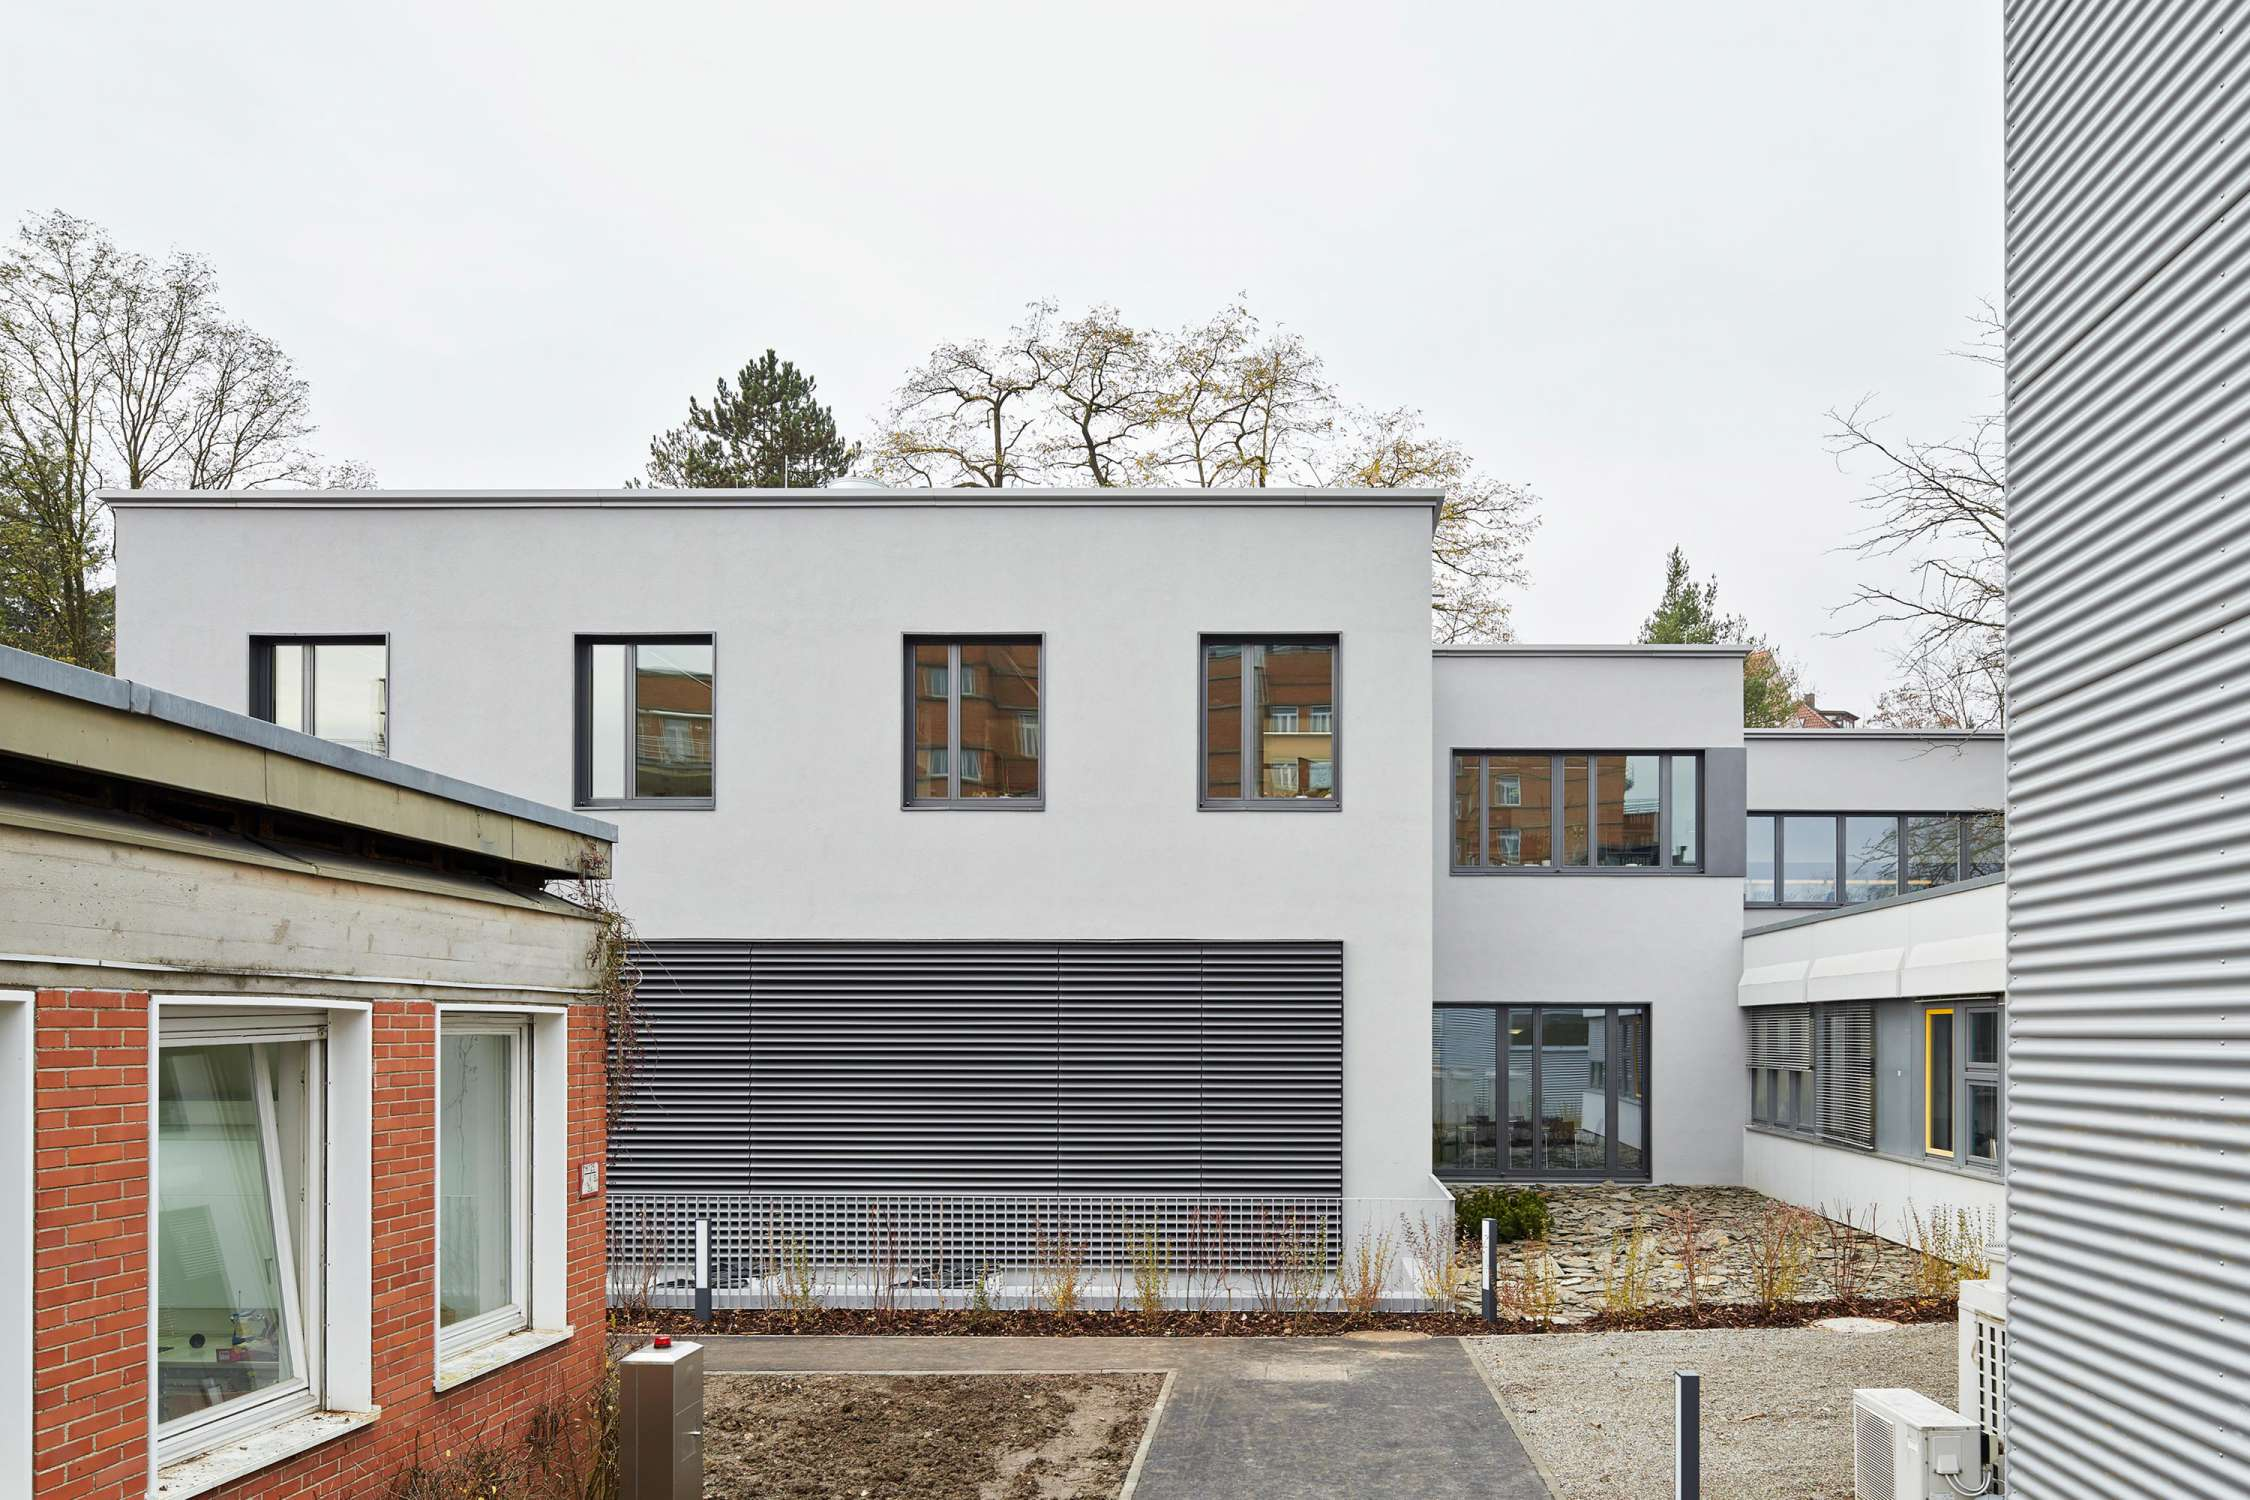 Laborgebäude für präklinische Bildgebung der Werner Siemens-Stiftung (15)
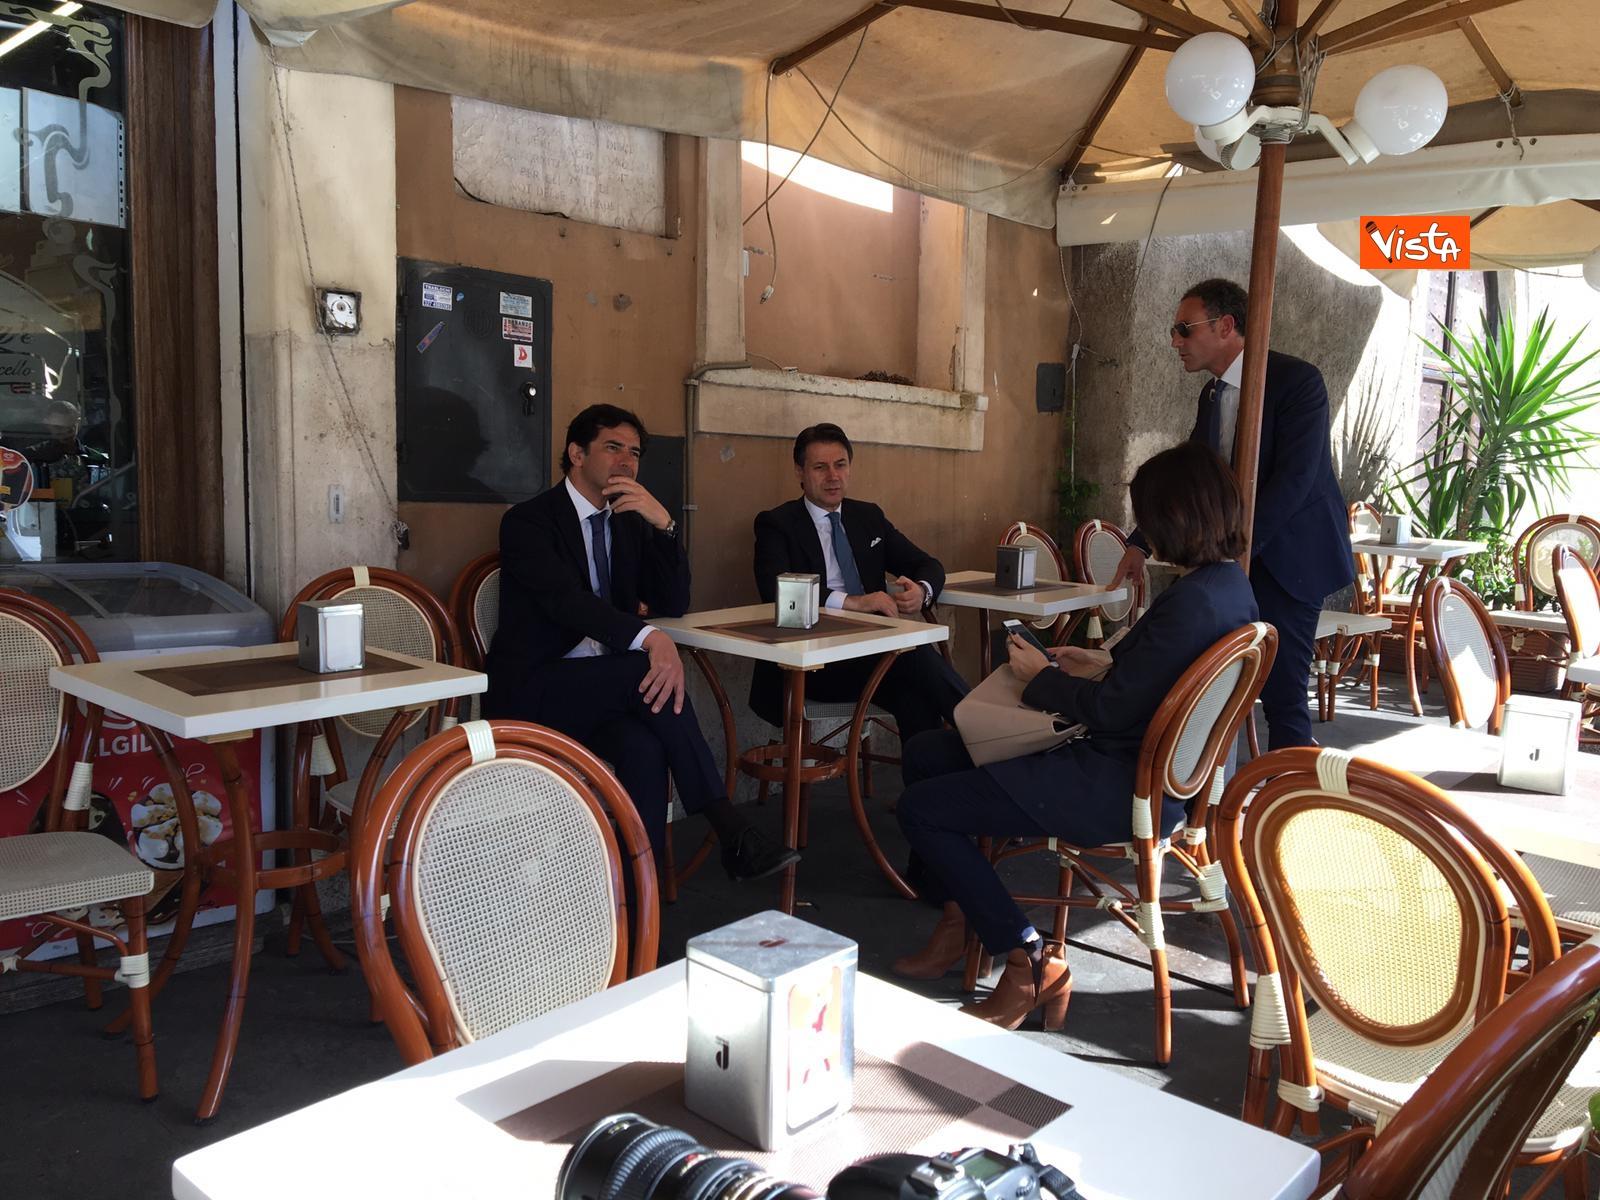 25-04-19 Conte prende un caffe al bar al termine della cerimonia all Altare della Patria per il 25 Aprile_05
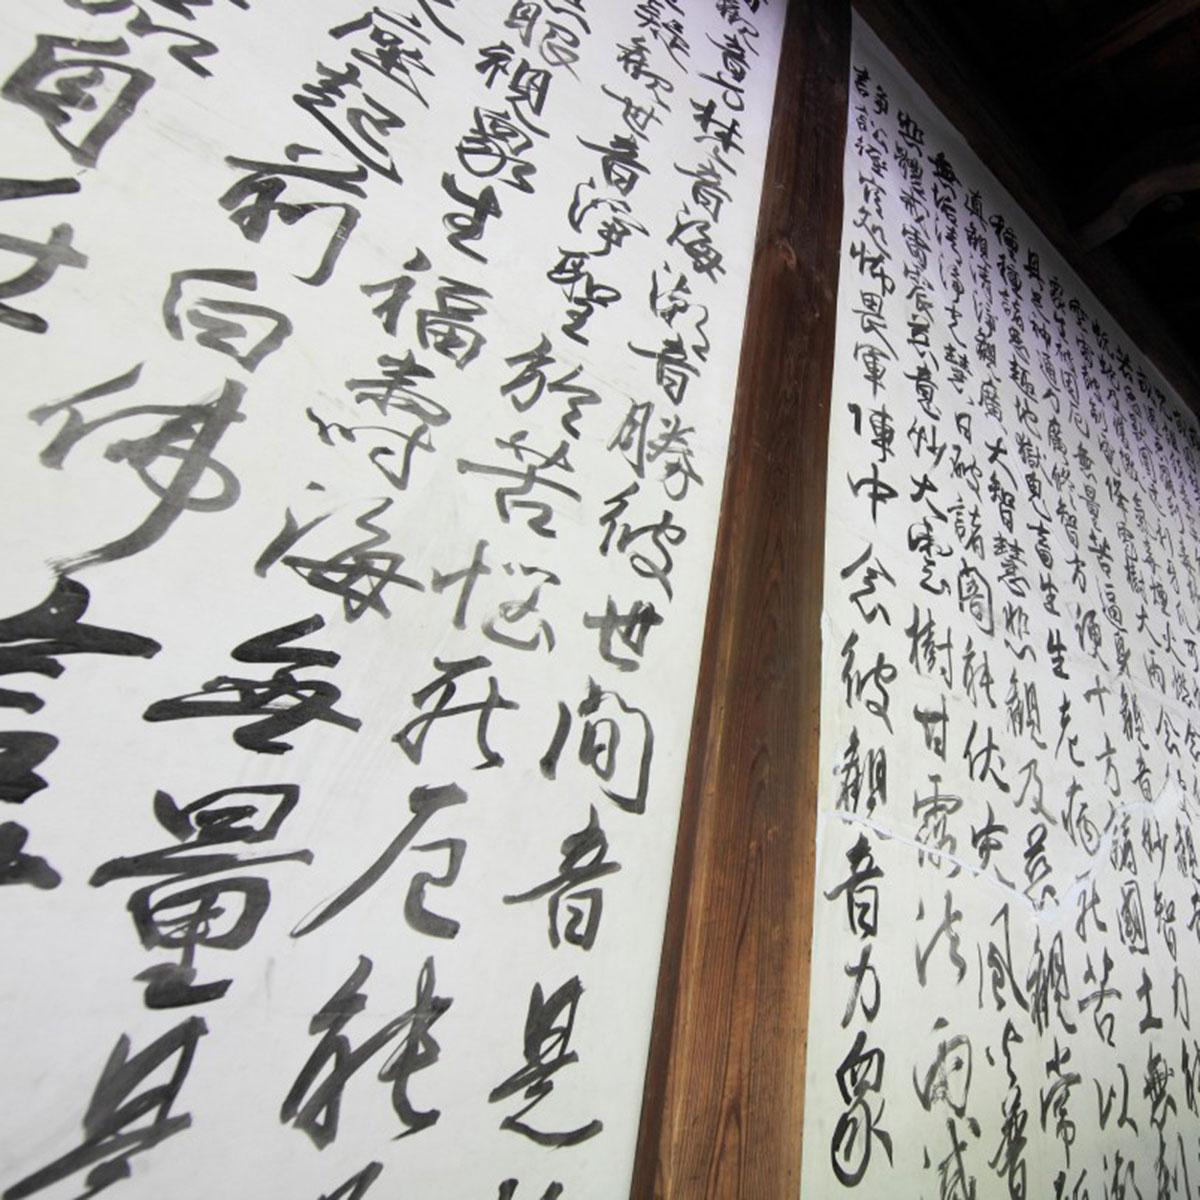 kalligrafi-04

━━━━━━━━━━━━━━━━━━━━

### TASK ITEM
All of the data above needs to be given again exactly. Leave out each image.

### ANSWER BOX
 Laborgebäude für präklinische Bildgebung der Werner Siemens-Stiftung (15)
 25-04-19 Conte prende un caffe al bar al termine della cerimonia all Altare della Patria per il 25 Aprile_05
 kalligrafi-04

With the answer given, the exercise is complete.